Maybe it was all those years the old man had spent teaching Shakespeare and Old Testament to sophomores. Study those old texts line by line, semester after semester, again and again, and there would be nothing in the human gallery new to you. Politics passes, human nature remains the same.


Or does it? Must we always be at the mercy of these unruly passions, these rushes of uncontrolled awe at the beauty and terror of the night sky, this fruitless search for virtue, this confusion between good and evil?


Why not change our nature itself, and usher in a brave new world where only an occasional savage, as in Huxley's vision of the future, would intrude to remind us of a barbaric past? Let us tear down these artificial barriers and free Science at last — and so free ourselves from the human condition.


As our new president, a true man of the age, put it the other day as he signed his executive order opening the gates to an unbounded future: "Our government has forced what I believe is a false choice between sound science and moral values." Instead we can have both!


This is a favorite formulation of our leader's. Call it the Obama Dialectic. It consists of presenting both sides of an issue, even an issue of life and death, as offering a false choice that really needn't be made. Instead there is an utterly reasonable middle ground: his own.


If his choice is a little vague around the edges, or the ethics of it more than a little fuzzy, No Fear. We have experts to decide such things now: the Scientific Community and its special sub-branch, the Ethicists. They'll figure it all out, devise the appropriate Protocols for life and death, and we the people will never have to bother our pretty little heads thinking about it. The Experts Know.


Strangely enough, in almost the next breath, our pragmatist-in-chief drew a bright ethical line just a little farther down the slippery slope than the one his predecessor in the Oval Office had drawn earlier. His new policy, President Obama assured anybody who might be worried about its ethical ramifications, "never opens the door to the use of cloning for human reproduction." Because that would be "dangerous, profoundly wrong, and has no place in our society or any society."


How come? Couldn't some clones be just fine, indeed perfect? Why not produce them and discard only the imperfect ones? The way the least promising human embryos are discarded in the process of in vitro fertilization? The Experts are trusted to make that choice, too. They know. Isn't this a false choice President Obama has made between sound science and moral values — the kind of false choice he'd just blamed his predecessor in the White House for making?


Besides, he must know that once he's opened the door to cloning for, ahem, research purposes, there's bound to be some scientist somewhere curious enough, and some potential parents narcissistic enough, and some Madoffian investor eager enough to make a bundle, to go into the business of custom-designing our progeny.


Whether for research or reproduction, the cloning process is much the same. Cloning is cloning, parts is parts. Once the door is open, and now it is, those embryo farms out of "Brave New World" await. Full of such goodly creatures!

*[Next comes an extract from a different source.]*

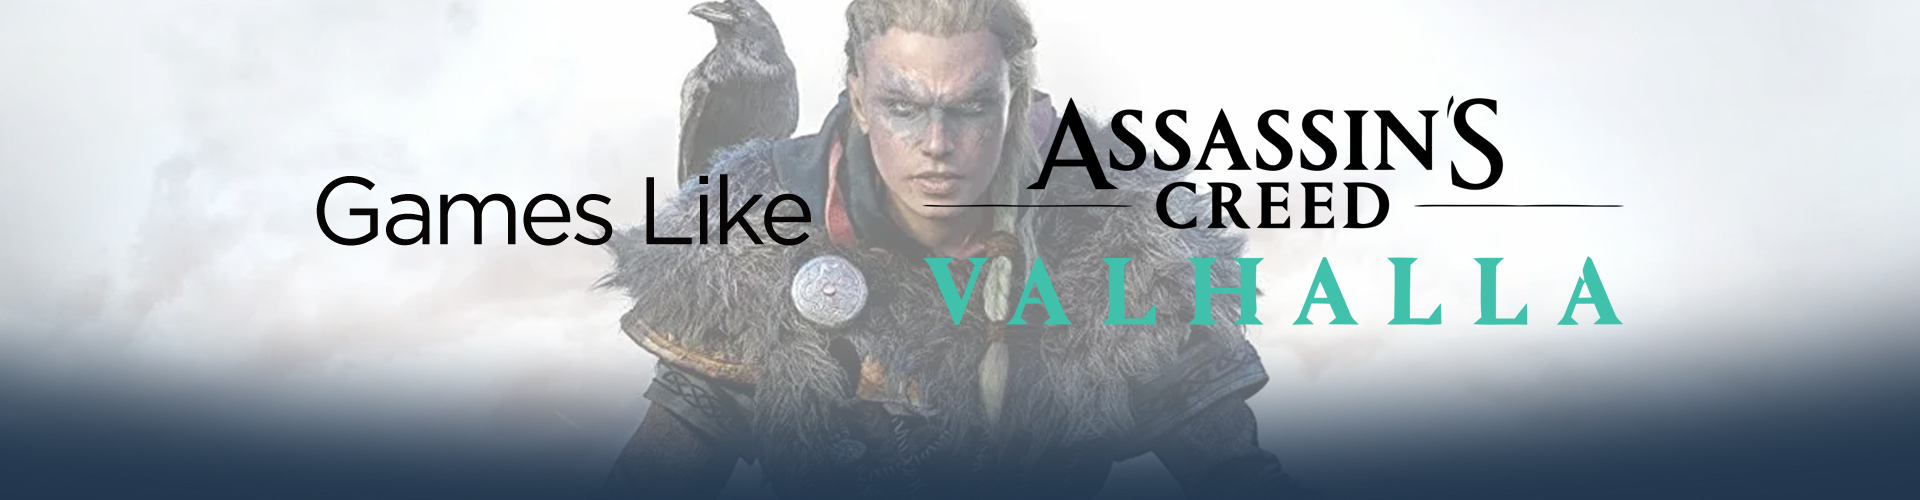 Los mejores juegos de vikingos como Assassin's Creed Valhalla

Why would our sophisticated young president scruple at the inescapable consequences of his own executive order? A masterful politician, he must know that there is something in people — and voters — which understands, instinctively, that a market for designer babies would be wrong, wrong, wrong. Call it the wisdom of repugnance. That kind of thing should have "no place in our society or any society." In his soothing voice, he assures us that it'll never come to that.

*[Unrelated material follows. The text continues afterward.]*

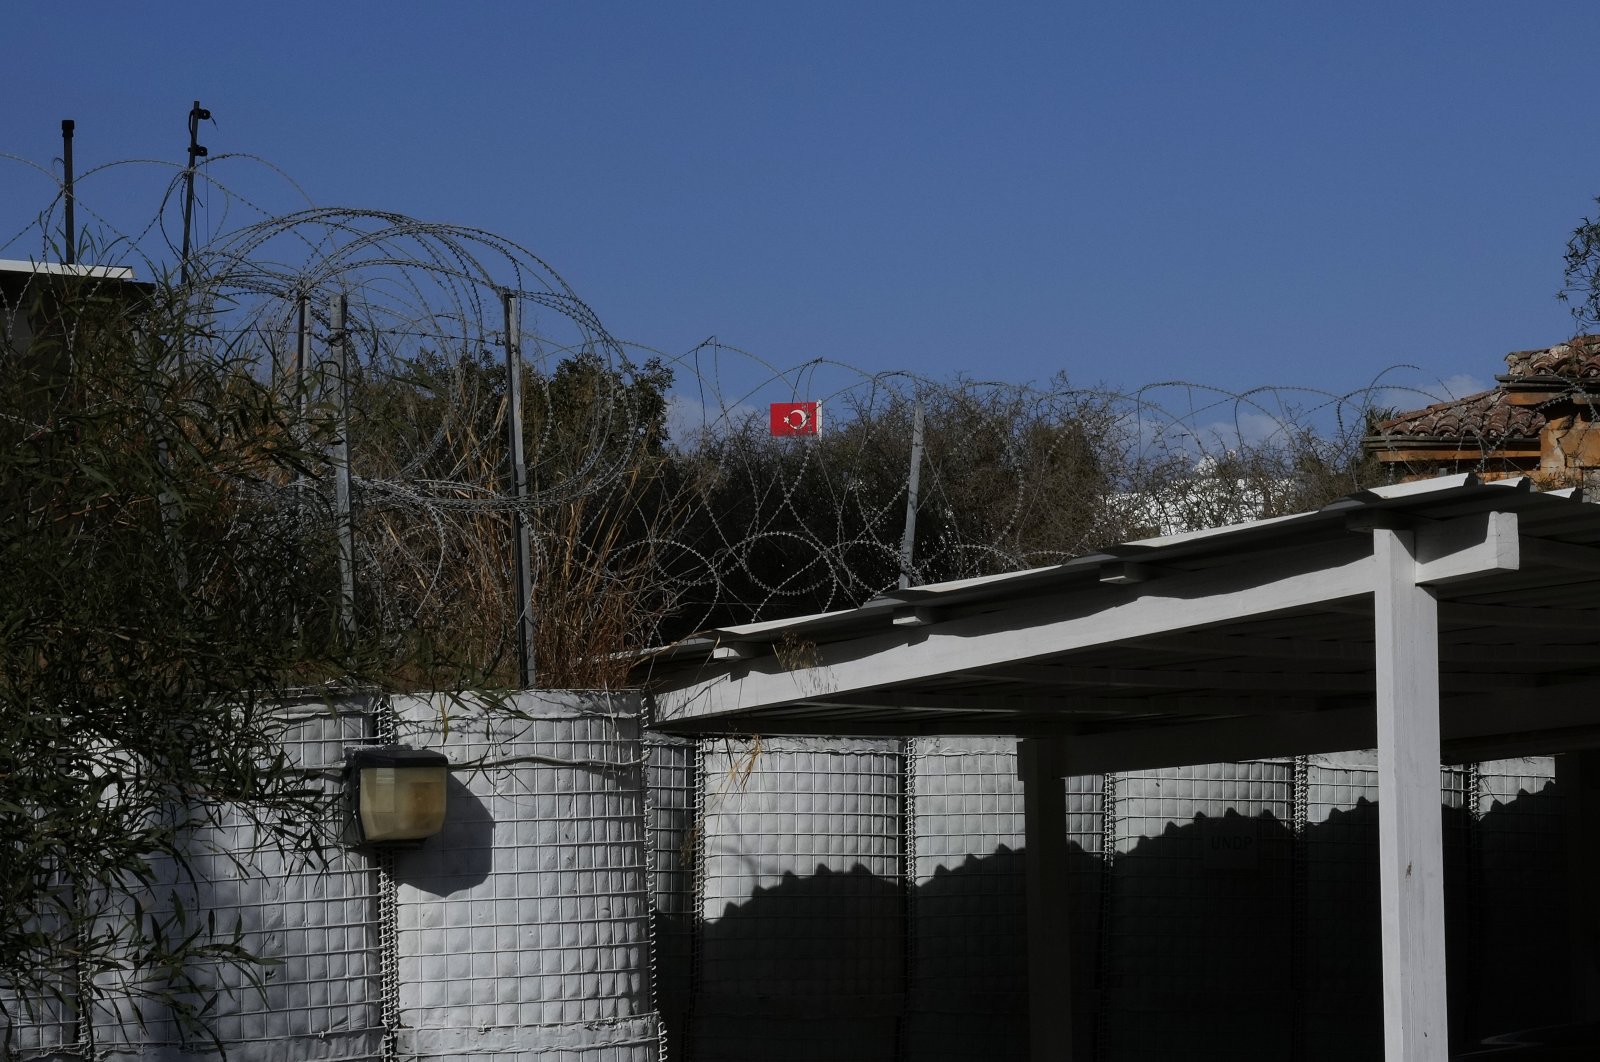 Rencana East Med tidak termasuk pihak Turki akan gagal: FM Siprus Turki

Is he just doing the politic thing? But that would be too cynical a judgment. Maybe even Mr. Cool still has some primitive reverence for life, for Nature and Nature's Laws, and knows — in his soul — that some line must be drawn that man dare not cross. Maybe something of the savage in "Brave New World," with all his archaic Thou Shalt Nots, still lurks in him, too.


For the first time during his presentation, I felt a rush of fellow feeling. I think old Dr. Clark would recognize this president's dilemma, and consider that last choice of his — to draw the line somewhere — not false at all.